Is it harder this year than last year?

"This year it’s easier. Last year, the bike, tyres and team were all new to me. Now I know what to expect, even if the tyres are still an unknown because they are very different to those I tested last time, six months ago, at the Red Bull Ring. They’ve undergone significant development, and now, generally speaking, they’re a little easier".

And the bikes?

"Which bikes? The current bikes or the Ducati 800 I won the title with in 2007? Because that one and the GP17 are not even relatives: that one was very difficult to ride, it didn’t turn through the corners, it would move and wouldn’t accelerate. Today’s bikes are easier but… they have a power…. they are animals. When you open the gas the thrust is incredible. The hardest thing is to find traction, but that’s also the thing I like best. With respect to the GP16, the GP17 has taken steps forward in all areas, the frame, a softer engine, with the wings there was more weight at the front, now we’re trying new suspension springs to regain the balance. And the track is terrible, dirty, damp in patches. Changing direction without the wings is easier but the bike wheelies more. We just need a little more time and more data to confirm certain impressions".

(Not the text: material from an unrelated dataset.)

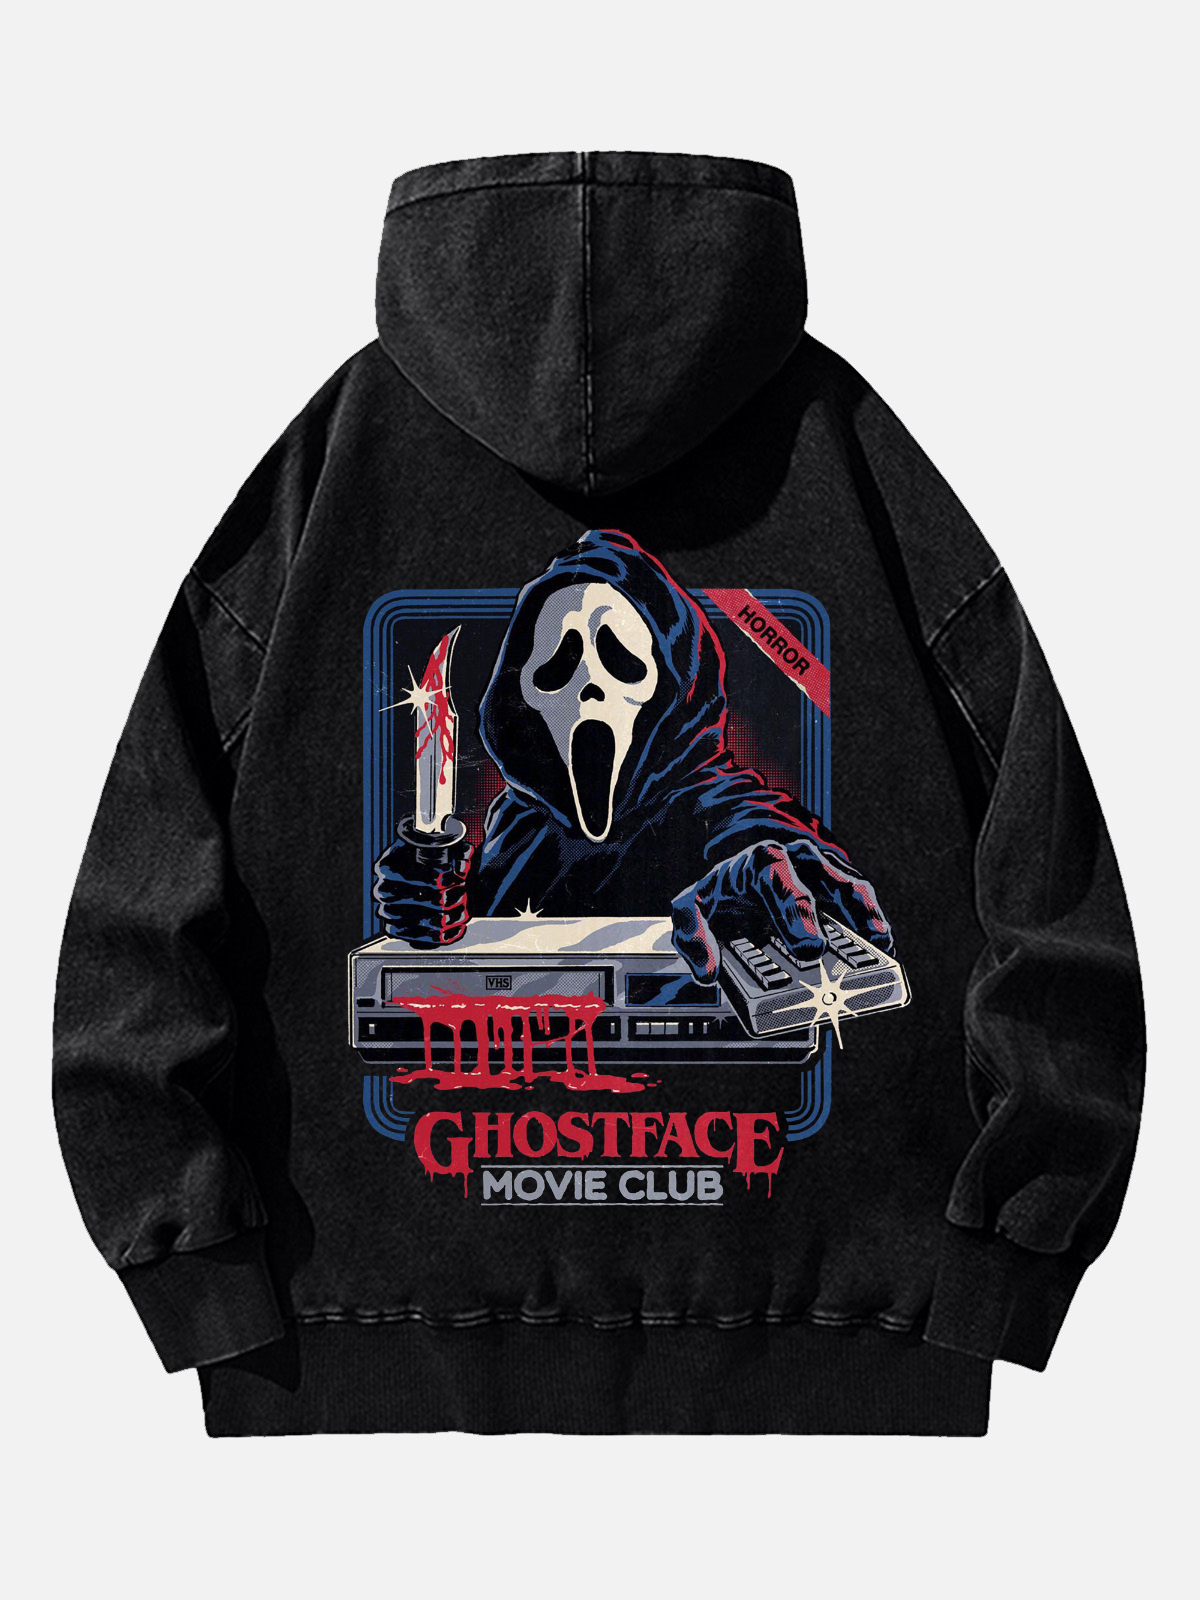 Ghostface Movie Club Unisex Wash Hooded Sweatshirt

Is this why you’ll continue to test?

"Yes, I’ll be back on the bike during the official tests".

Ducati is not holding back any more – Claudio Domenicali has said that this year’s goal is to win the title

"That’s what everyone is chasing. If you settle for a podium, you won’t win. It takes the right attitude to do it, and I think we have that chance. It’s difficult to predict a season, unless one person is ridiculously fast right from the start and the others give up. You can have a slow start to the season and then a much better final phase or vice versa. In any case, the championship is long; we just have to put every piece of the puzzle in the right place".

You continue as test rider but have stopped racing cars.

"In 2013 I didn’t want to do anything, but there were sponsors at stake when the opportunity to race with the V8s came about. It was a minor championship, just seven weekends of racing a year, but the person who organised it, a friend, unfortunately passed away and I unexpectedly found myself at the centre of the series. That’s not what I’d wanted. They didn’t take advantage, that’s not the right word, but I just wanted to race for fun, nothing more".

We know you’ve moved house, heading more inland from the Brisbane coast.

"I’m fifteen minutes from where I was before. I’d bought the house (1114 square metres, 4.5 million Euro, on the Gold Coast, editor’s note.) as an investment, but I needed more space, now I have 4.5 acres".

Is it just a myth or is true that you breed cattle?

"I have several thousand acres for them, but it’s just business: my cousin takes care of it".